The honest answer to “who is the best commercial cleaning company in Ireland?” is “best for what?” A 4,000-employee tech campus in Sandyford has very different needs to a 12-room GP practice in Co. Mayo. The first wants global standardisation, multi-site reporting, and a single invoice; the second wants a named supervisor who answers the phone on a Sunday.

This guide compares seven providers most commonly shortlisted by Irish facilities managers and procurement officers in 2026. Three are tier-1 multi-national or pan-Irish FM groups. Three are mid-market Irish specialists. One is Optus Glean — included so you can see exactly where we fit and where we do not. We have used only information that is findable on each company's own website, the Companies Registration Office (CRO) public register, the Irish Contract Cleaning Association (ICCA) public membership directory, and eTenders award notices. We have not invented revenue figures, head counts, or star ratings.

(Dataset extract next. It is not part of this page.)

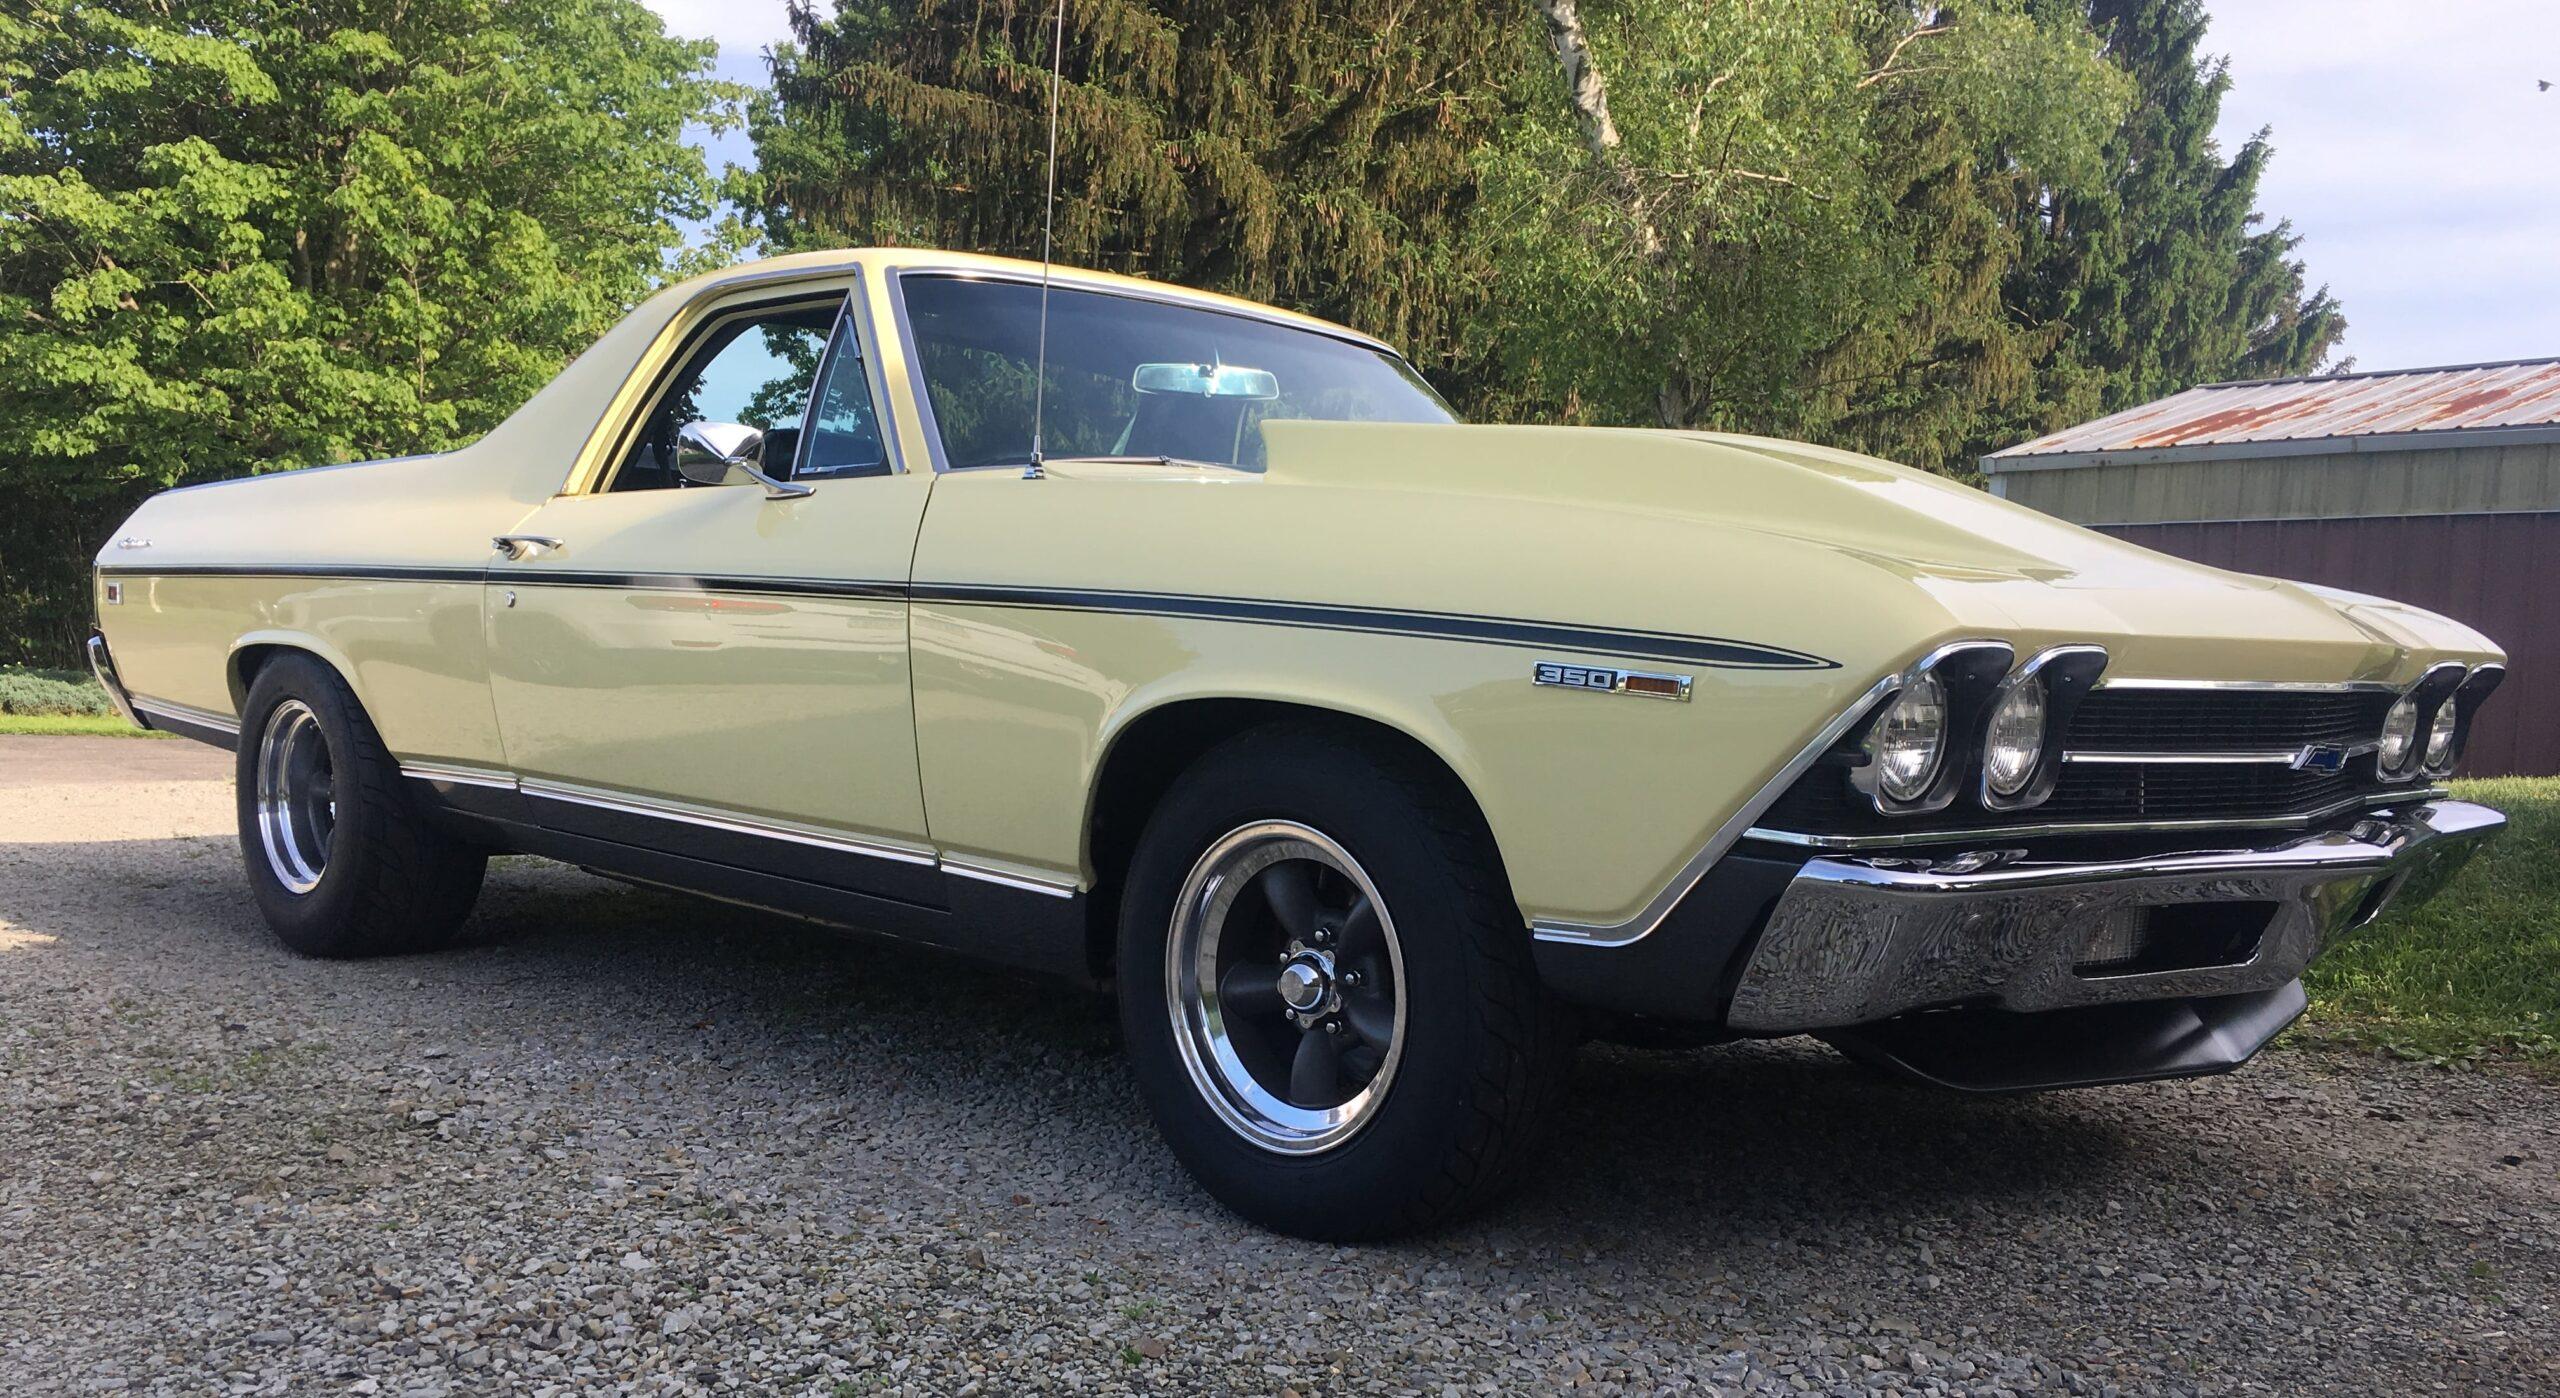 Adam Britz - Export, PA - 1969 - Chevrolet El Camino

How we built this comparison

Each provider is rated on six criteria that procurement officers tell us matter most:

  1. Geographic coverage — can they actually serve all 26 counties, or do they sub-contract regionally?
  2. Sector mix — what types of contract do they win on eTenders and what does their site say they specialise in?
  3. Pricing transparency — do they publish indicative rates or always require a site survey before any number?
  4. Accreditations claimed — ISO 9001, ISO 14001, ISO 45001, ICCA membership, Contract Cleaning ERO compliance, Garda vetting.
  5. Account access — how senior is the person you actually deal with day-to-day?
  6. “Best for” — the type of contract where this provider is the strongest fit.

None of the criteria are based on undocumented review counts. Where a provider has a published case study or sector specialism on their own site, we have used that. Where they do not, we have said so.

Comparison table: seven providers at a glance

Read this as a starting filter, not a final ranking. Drop anything that does not match the contract you are buying for.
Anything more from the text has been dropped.